Following the Civil War, the District's population jumped 75% to more than 130,000. The District of Columbia's population continued to grow throughout the late nineteenth century as Irish-American, German-American, and Jewish-American immigrant communities formed in downtown areas. Many immigrants escaping severe poverty and antisemitism moved to the US and found refuge in the District. By 1900, the District's growth had spread to the more residential sections beyond the old Florida Avenue boundary line following the development of the District's streetcar lines along major arteries such as Pennsylvania Avenue, SE, Connecticut Avenue, Wisconsin Avenue, Georgia Avenue, 14th Street, and 16th Street.

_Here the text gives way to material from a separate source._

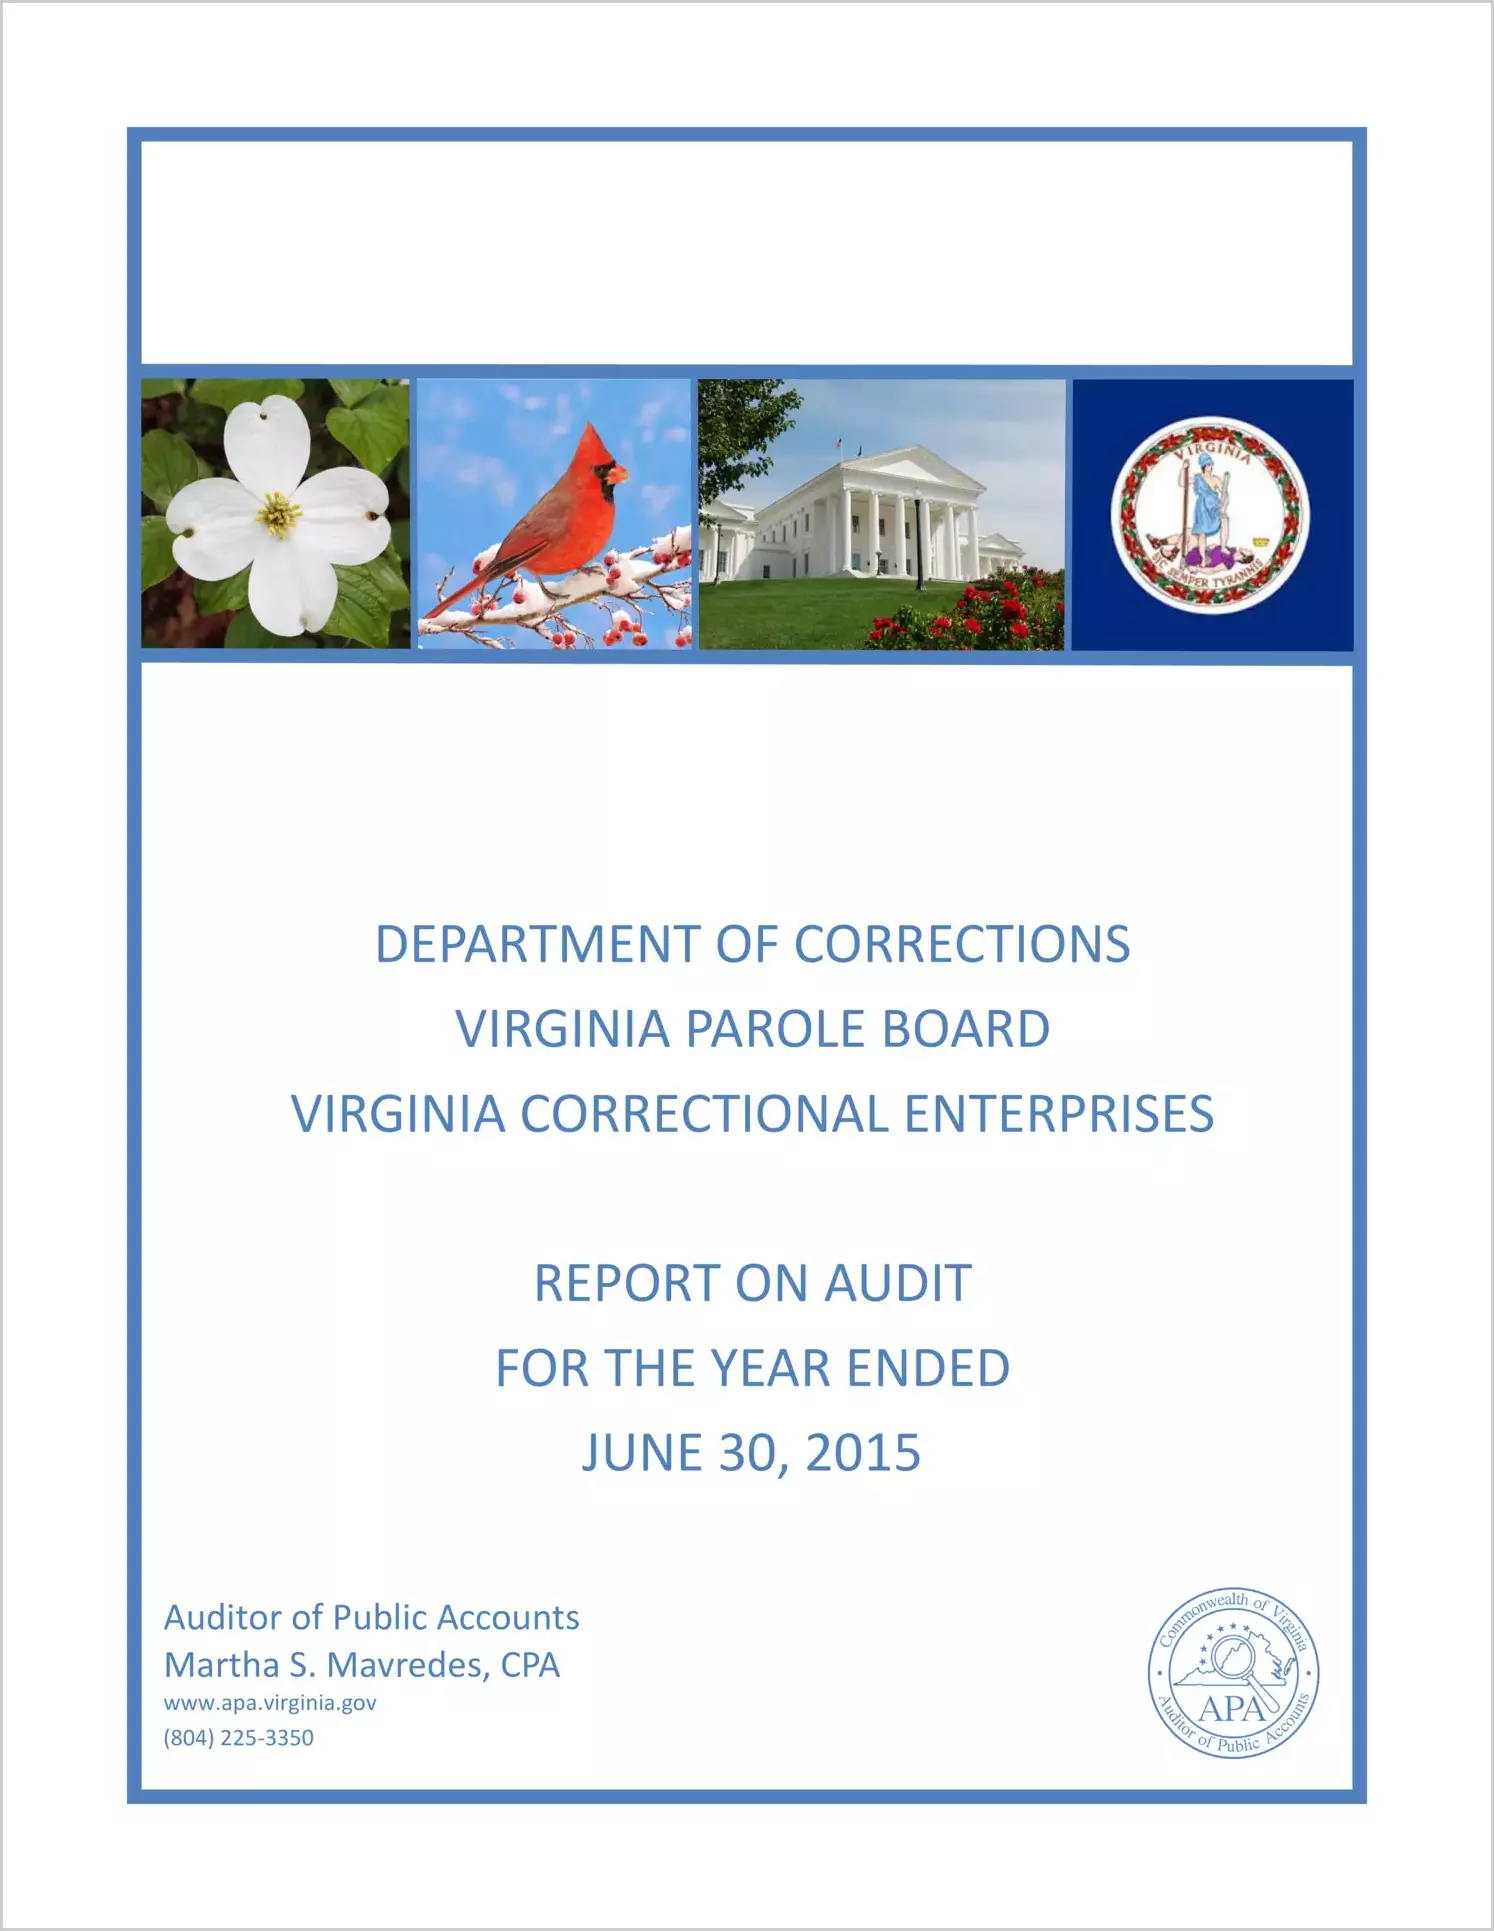 Department of Corrections, Virginia Parole Board, and Virginia Correctional Enterprises Report on Audit for Fiscal Year Ended June 30, 2015

By 1930, development within the District's boundaries was largely complete, except for a few outlying areas in far Northeast and Southeast. The District's population totaled just under 500,000. In response to the Great Depression in the 1930s, President Franklin D. Roosevelt's New Deal legislation expanded the bureaucracy in the District of Columbia. World War II further increased government activity and defense contracting, adding to the number of federal employees in the capital. People came from across the country to work in wartime in the District of Columbia. By 1950, the District's population reached a peak of 802,178 residents.

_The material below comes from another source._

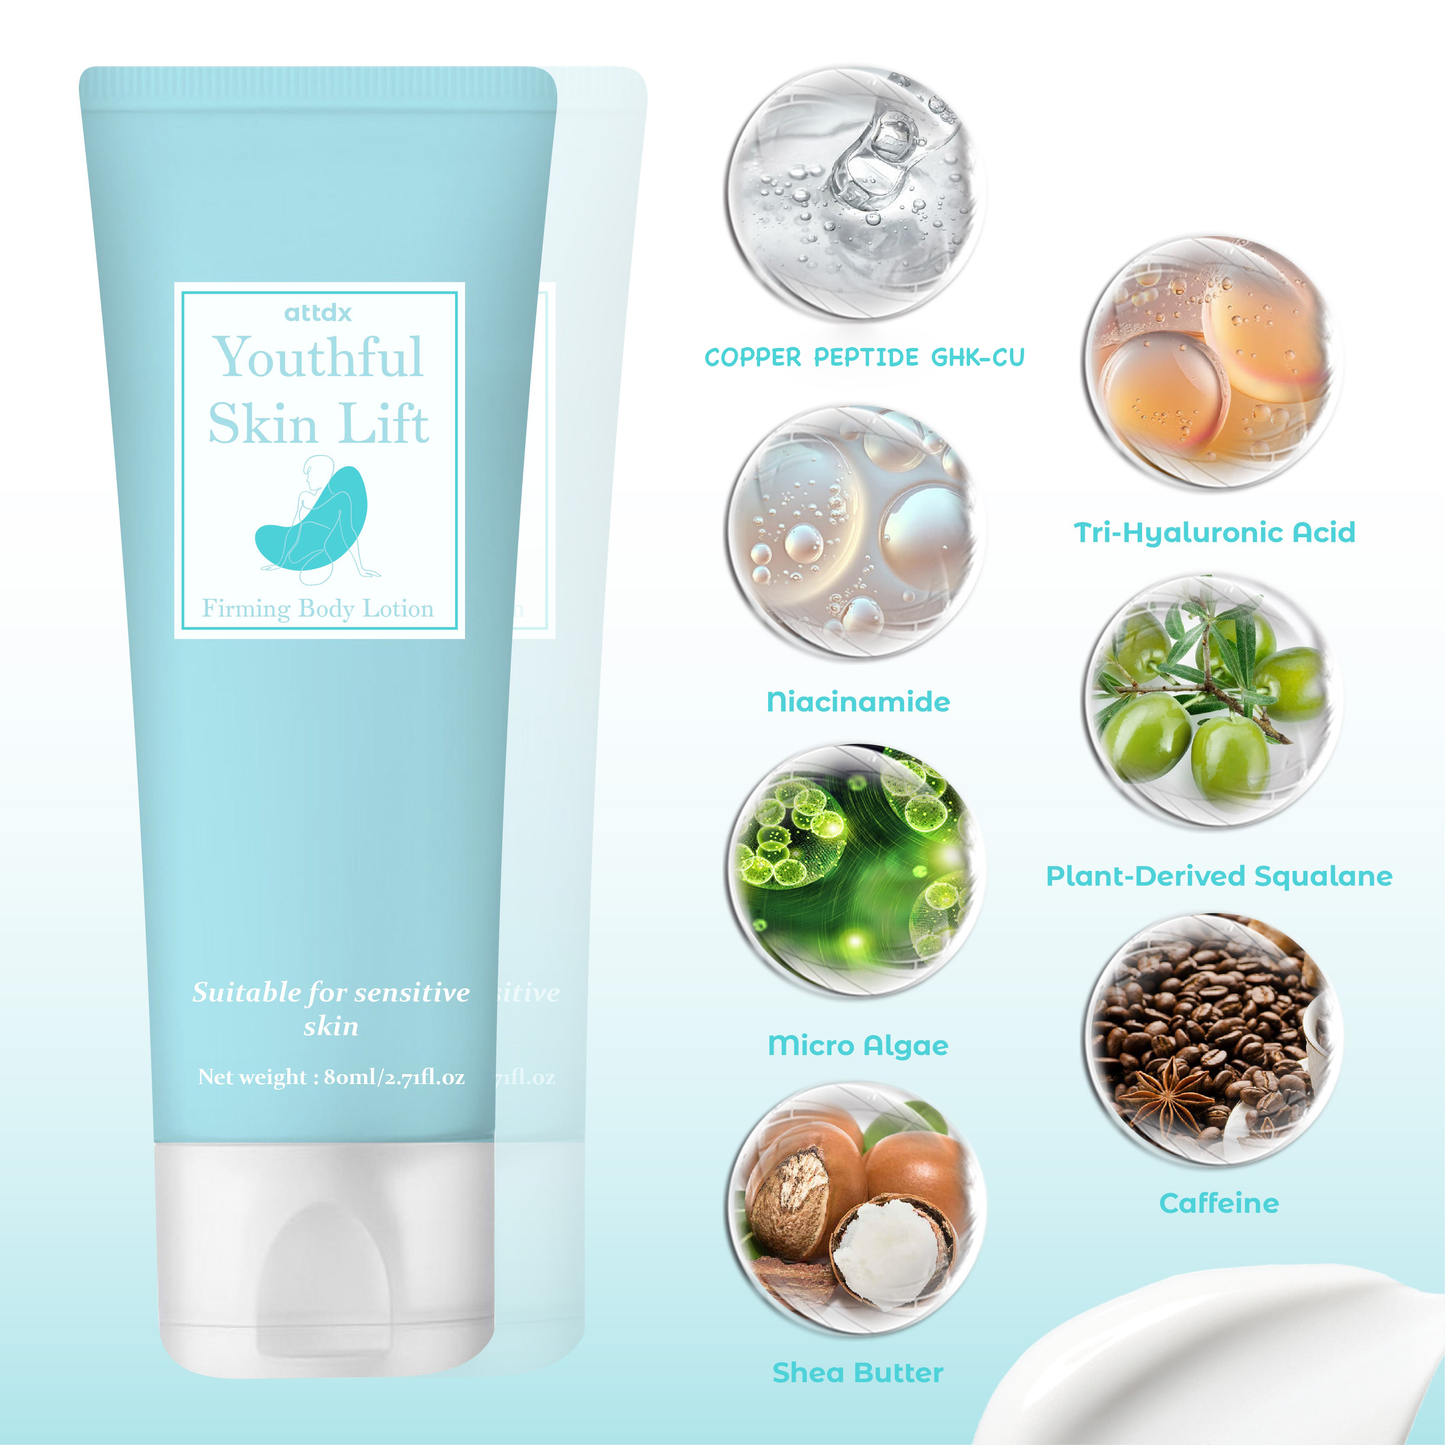 SkinLift Youthful Firming Body Lotion Y

Shortly after that, in a pattern repeated across the country, the District began losing residents attracted to newer housing in the suburbs, with commutes made easier by an expanded highway network outside the District. Following social unrest and riots in the 1960s, plus increasing crime, by 1980, the District of Columbia had lost one-quarter of its population. After the achievements of civil rights, more of the District's middle-class Black population also moved to the suburbs. The District's population continued to decline until the late 1990s. Gentrification efforts started to transform the demographics of distressed neighborhoods. Recently, a trend of growth since the 2000 U.S. Census provided the first rise in the District's population in 50 years.

==Statistics==
===2020 census===

Race by ward in DC, per the 2010 US Census
Race by ward in DC, per the 2020 ACS. Overall the city has become more White and less Black since 2010.

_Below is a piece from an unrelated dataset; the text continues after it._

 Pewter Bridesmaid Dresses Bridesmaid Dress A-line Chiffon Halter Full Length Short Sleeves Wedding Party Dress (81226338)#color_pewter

Washington city, District of Columbia – racial and ethnic composition Note: the US Census treats Hispanic/Latino as an ethnic category. This table excludes Latinos from the racial categories and assigns them to a separate category. Hispanics/Latinos may be of any race.
| Race / ethnicity (NH = Non-Hispanic) | Pop 1980 | Pop 1990 | Pop 2000 | Pop 2010 | Pop 2020 | % 1980 | % 1990 | % 2000 | % 2010 | % 2020 | % change 2010–2020 |
|---|---|---|---|---|---|---|---|---|---|---|---|
| White alone (NH) | 164,244 | 166,131 | 159,178 | 209,464 | 261,771 | 25.73% | 27.37% | 27.83% | 34.81% | 37.96% | +3.15% |
| Black or African American alone (NH) | 445,154 | 395,213 | 340,088 | 301,053 | 282,066 | 69.74% | 65.12% | 59.45% | 50.03% | 40.91% | –9.12% |
| Native American or Alaska Native alone (NH) | 1,031 | 1,252 | 1,274 | 1,322 | 1,277 | 0.16% | 0.21% | 0.22% | 0.22% | 0.19% | –0.03% |
| Asian alone (NH) | 6,636 | 10,734 | 15,039 | 20,818 | 33,192 | 1.04% | 1.77% | 2.63% | 3.46% | 4.81% | +1.35% |
| Native Hawaiian or Pacific Islander alone (NH) | x | x | 273 | 216 | 349 | x | x | 0.05% | 0.04% | 0.05% | +0.01% |
| Other race alone (NH) | 3,589 | 860 | 1,670 | 1,451 | 3,753 | 0.56% | 0.14% | 0.29% | 0.24% | 0.54% | +0.30% |
| Mixed-race or multiracial (NH) | x | x | 9,584 | 12,650 | 29,485 | x | x | 1.68% | 2.10% | 4.28% | +2.18% |
| Hispanic or Latino (any race) | 17,679 | 32,710 | 44,953 | 54,759 | 77,652 | 2.77% | 5.39% | 7.86% | 9.10% | 11.26% | +2.16% |
| Total | 638,333 | 606,900 | 572,059 | 601,723 | 689,545 | 100.00% | 100.00% | 100.00% | 100.00% | 100.00% | n/a |

===Population===
Per the 2020 Census, the District's population was 689,545 residents, continuing a trend of population growth in the District since the 2000 Census, which recorded 572,059 residents. During the workweek, the number of commuters from the suburbs into the city swells the District's population by an estimated 71.8%, to a daytime population of over one million people. The Washington Metropolitan Area, which includes the surrounding counties in Maryland and Virginia, is the eighth-largest in the United States, with more than five million residents. When combined with Baltimore and its suburbs, the Baltimore-Washington Metropolitan Area has a population exceeding eight million residents, the fourth-largest in the country.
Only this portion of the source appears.